Noch bedrohlicher ist, dass er Pläne für die „Evakuierung“ der Zivilbevölkerung bekanntgab. Netanjahu zufolge ist der „totale Sieg“ über die Hamas nur noch wenige Monate entfernt. US-Militärquellen, die in der New York Times zitiert werden, gehen jedoch davon aus, dass Israel nur ein Drittel der Hamas-Kämpfer:innen getötet hat und die Kämpfe im gesamten Streifen weitergehen.

Die Zionist:innen wissen, dass sie die Hamas oder die anderen militärischen Widerstandsorganisationen nicht „liquidieren“ können, ohne die Zivilbevölkerung zu liquidieren, deren Unterdrückung für einen unerschöpflichen Nachschub an neuen Rekrut:innen sorgt.

Ethnische Säuberung

Es ist diese einfache Wahrheit, die die gesamte Dynamik des israelischen Krieges in Gaza in eine Kampagne der ethnischen Säuberung, eine zweite Nakba, führt. Tatsächlich wurde dieses Ergebnis von israelischen Minister:innen, die zur Vertreibung der palästinensischen Bevölkerung und ihrer Ersetzung durch israelische Siedler:innen aufgerufen haben, offen propagiert. Netanjahu selbst, dessen Regierung auf der Unterstützung dieser Extremist:innen beruht, hat erklärt, dass die Sicherheit im Gazastreifen in den Händen der IDF verbleiben müsse – also eine Rückkehr zur militärischen Besatzung.

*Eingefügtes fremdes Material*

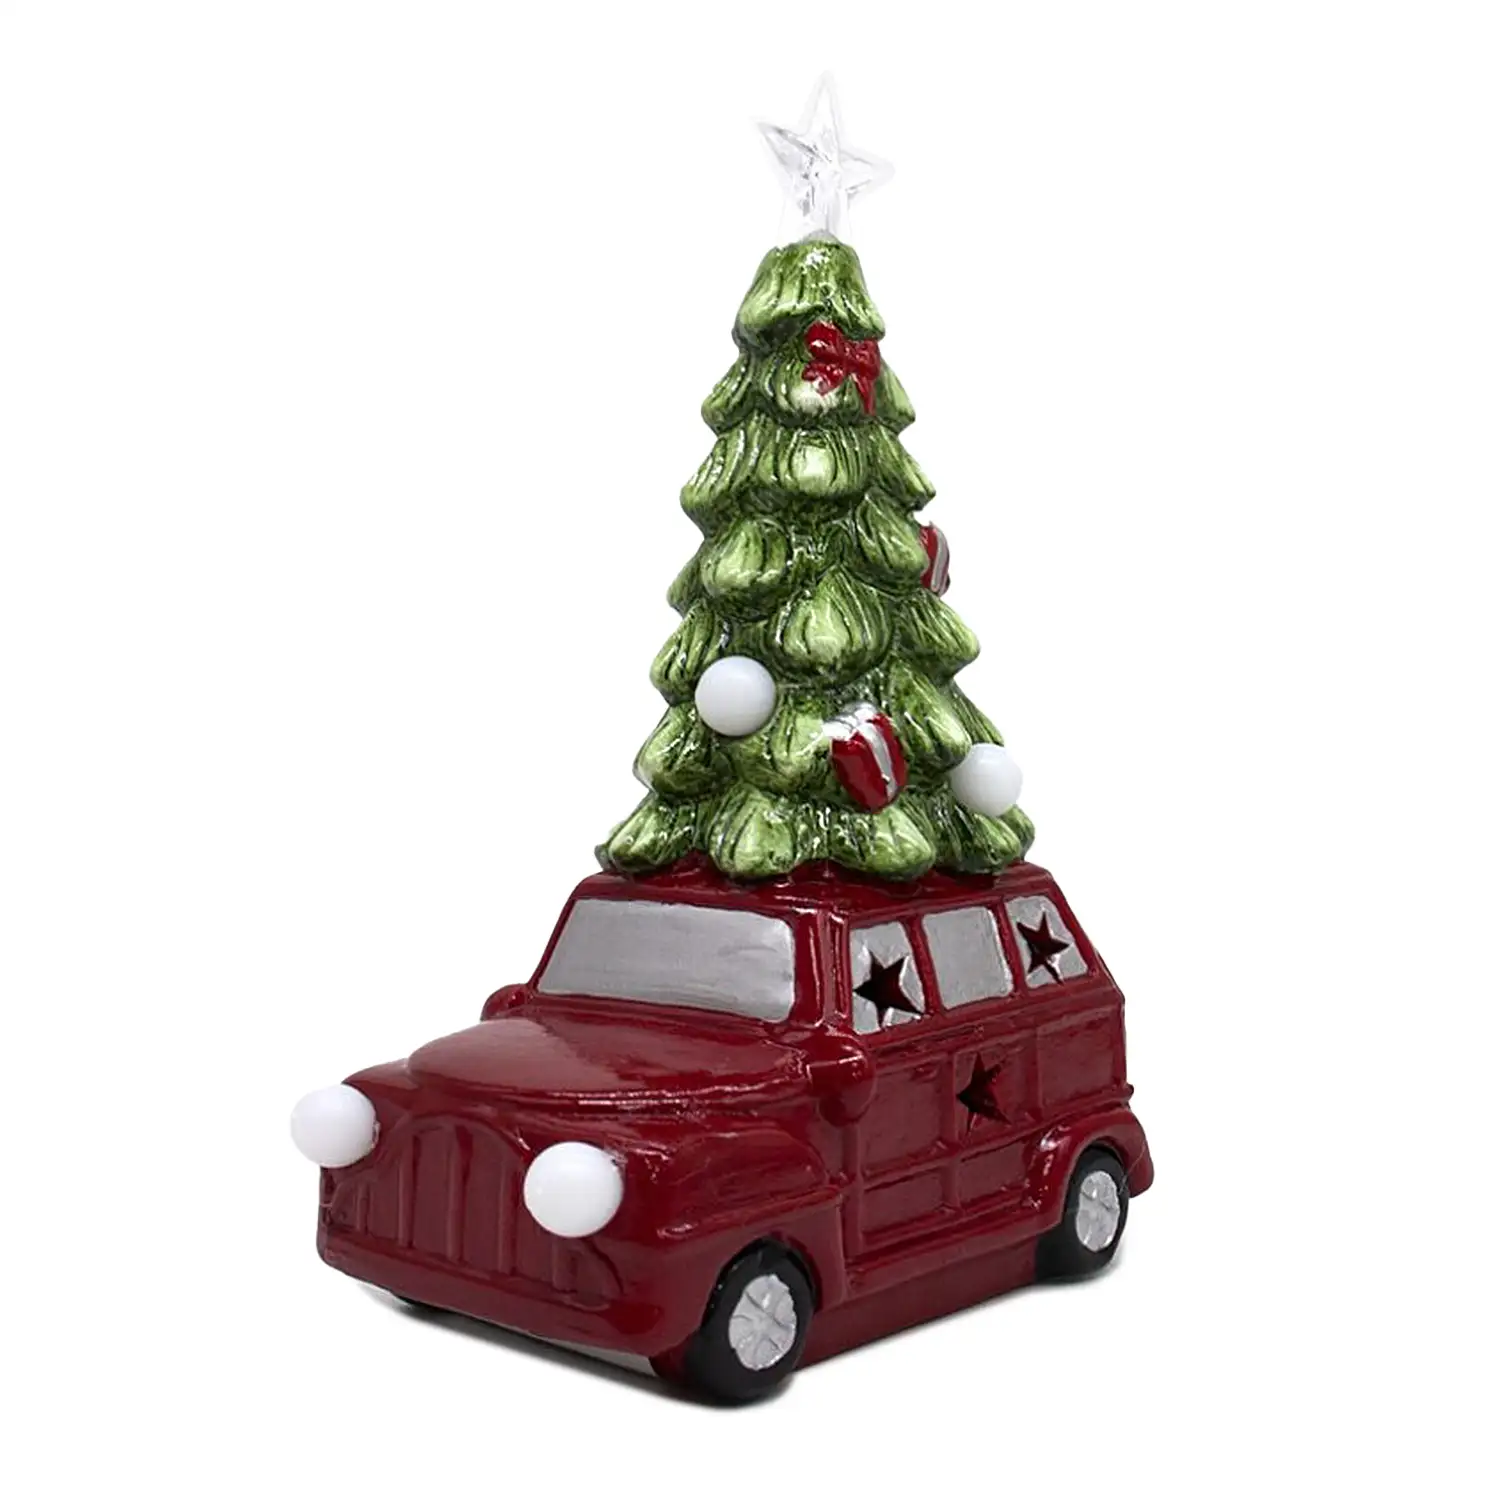 Figura coche con árbol de navidad y luces LED RGB 13x21 cms.

Weltweit haben Massendemonstrationen, wie sie seit denen gegen die Invasion im Irak 2003 nicht mehr stattgefunden haben, Israels Verbündete, allen voran die USA, Großbritannien und Deutschland, zweifellos dazu gezwungen, ihre bedingungslose Unterstützung für den Krieg des Landes verbal zu drosseln.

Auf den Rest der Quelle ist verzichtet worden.